How do the policy-recommended assignments compare with who actually received treatment in the data?

# agreement between policy and observed treatment
agreement <- tibble(
  actual = W,
  policy_depth2 = ifelse(actions_depth2 == 2, 1, 0)
) |>
  mutate(agree = actual == policy_depth2)

cat("Agreement rate:", round(mean(agreement$agree), 3), "\n")
cat("Policy treats: ", round(mean(agreement$policy_depth2), 3), "\n")
cat("Actual treated:", round(mean(agreement$actual), 3), "\n")

Ethical considerations

Statistical optimality is not social optimality

A policy tree maximises expected treatment benefit, but it does not account for:

  • Fairness. The tree may split on variables correlated with protected characteristics (ethnicity, gender, socioeconomic status). Even if a variable is not in the covariate set, proxy variables may reproduce discriminatory patterns.
  • Equity. Targeting resources to those who benefit most may mean those who benefit somewhat receive nothing. A policy that is statistically optimal may be socially unjust.
  • Transparency. A depth-2 tree is interpretable; a depth-5 tree is not. Policy-makers and the public need to understand the rule.
  • Override. A clinician or social worker should always be able to override an algorithmic recommendation based on individual context the model cannot see.

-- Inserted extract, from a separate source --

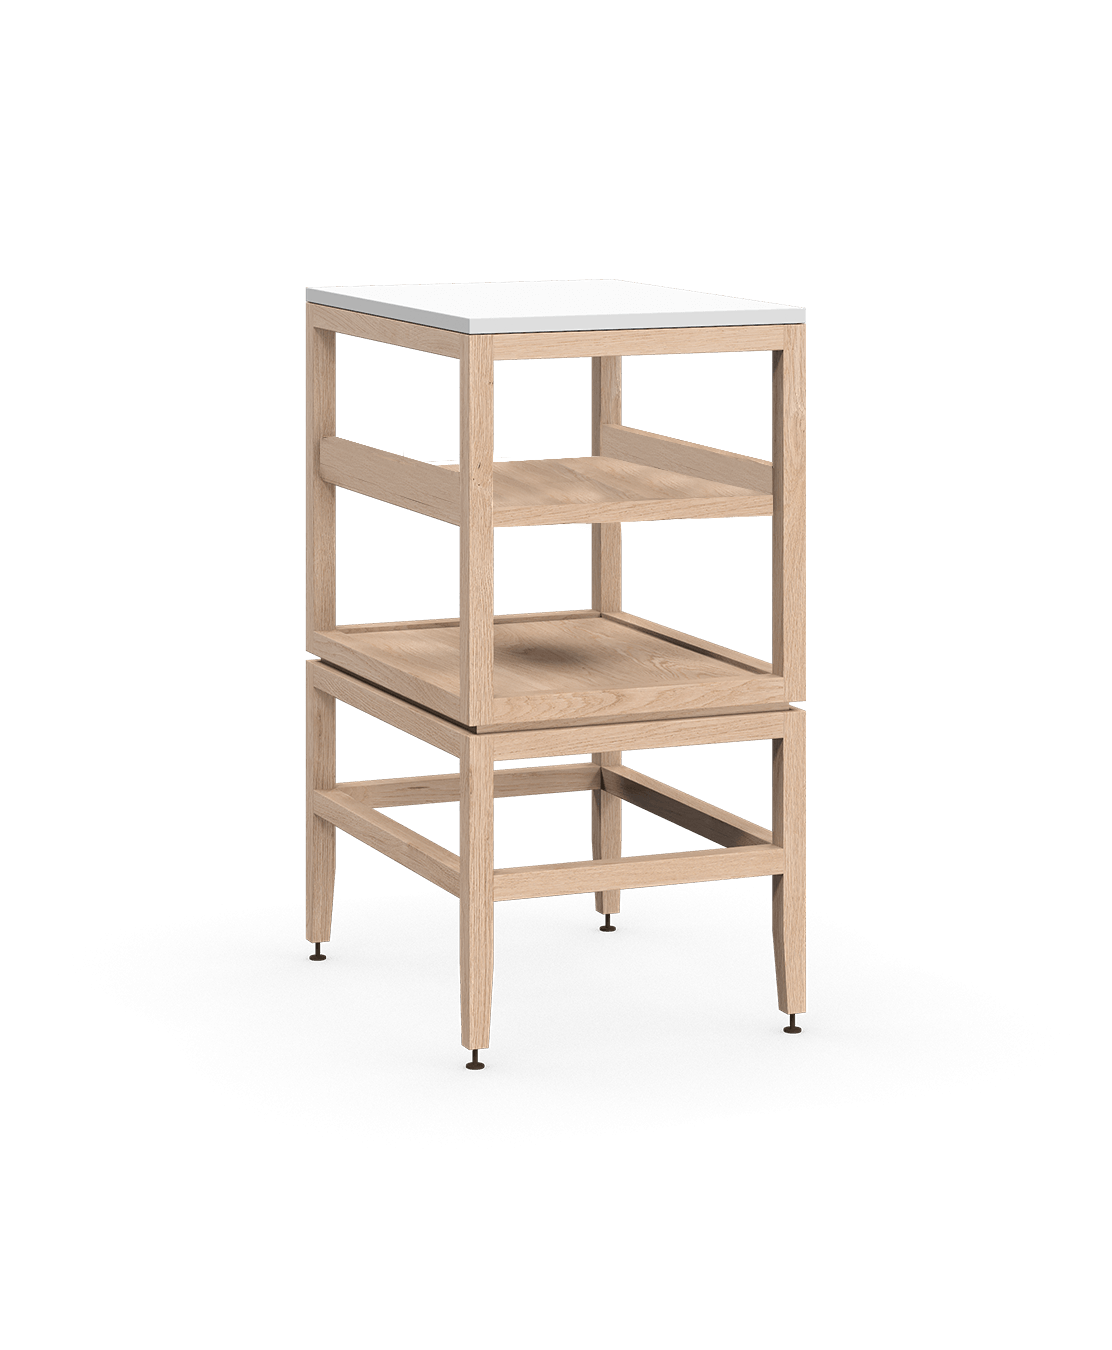 armoire ouverte modulaire de rangement en bois massif coquo volitare avec cube 1 tablette chêne blanc 18 pouces C2-N-1824-001W1-NA

When presenting policy tree results, always discuss these trade-offs.

Exercises

Lab diary

Complete at least two of the following exercises for your lab diary.

  1. Different outcome. Fit a policy tree for religious_service on belonging. Do the splitting variables change? What does this suggest about which covariates drive effect modification for different outcomes?

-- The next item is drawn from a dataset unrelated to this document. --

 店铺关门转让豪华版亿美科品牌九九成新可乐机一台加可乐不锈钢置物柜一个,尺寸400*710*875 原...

  2. Depth-3 tree. Fit a depth = 3 policy tree. Does the expected reward improve substantially over depth-2? Is the tree still interpretable?

  3. Discuss override. In one paragraph, describe a scenario where a clinician should override a policy tree recommendation. What information would the clinician have that the model does not?